FDA panel rejects CardioMEMS' heart failure monitor
The FDA’s Circulatory System Devices Advisory Panel voted Dec. 8 against approval of CardioMEMS’ implantable pressure measurement system in heart failure patients. The FDA had asked the panel to review clinical trial results to determine if the Champion heart failure monitoring system was safe and effective.

The committee voted nine to one in favor of the device’s safety but the majority did not find sufficient evidence of the system’s effectiveness. The FDA will review the panel’s decision to determine whether or not to grant premarket approval.
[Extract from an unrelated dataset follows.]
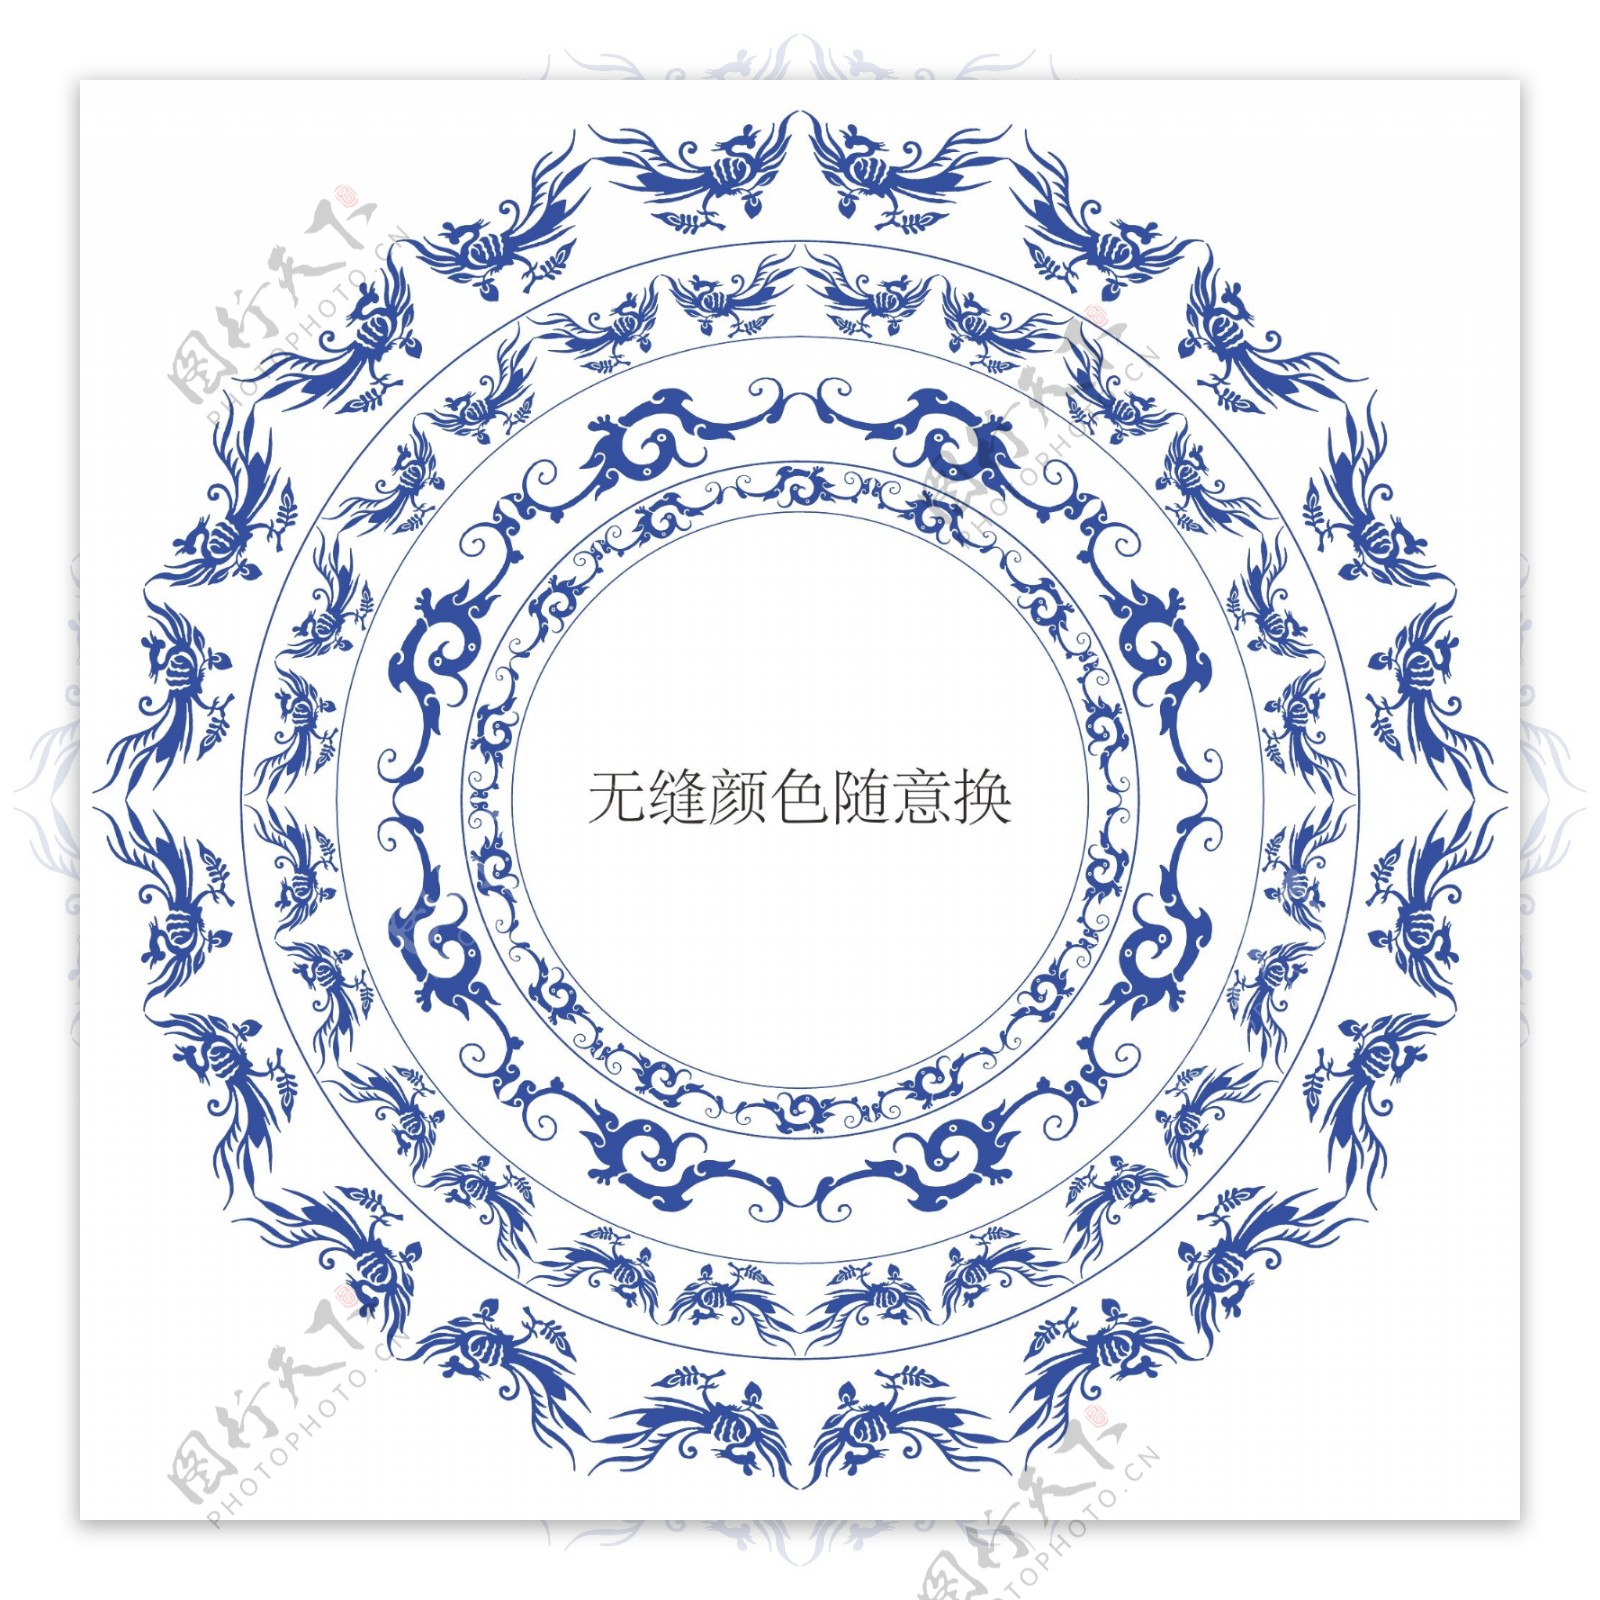 2种中国传统龙凤纹无缝边框

The agency typically follows the advisory panel's recommendations.

Jay Yadav, MD, CardioMEMS CEO and founder, called the decision a "disappointment," but added the company would continue discussions with the FDA. “We believe this technology is a significant step forward in the management of heart failure patients," he said in a statement.

CardioMEMS designed the wireless system for remotely monitoring New York Heart Association Class III heart failure patients by gauging pulmonary artery pressure and heart rate. In an executive summary for advisory panel members, the FDA had questioned the clinical significance of the findings in the CHAMPION trial and cautioned that a monitoring division reported potential biases in the results.

Atlanta-based CardioMEMS is a medical device company that specializes in wireless sensing and communication technology.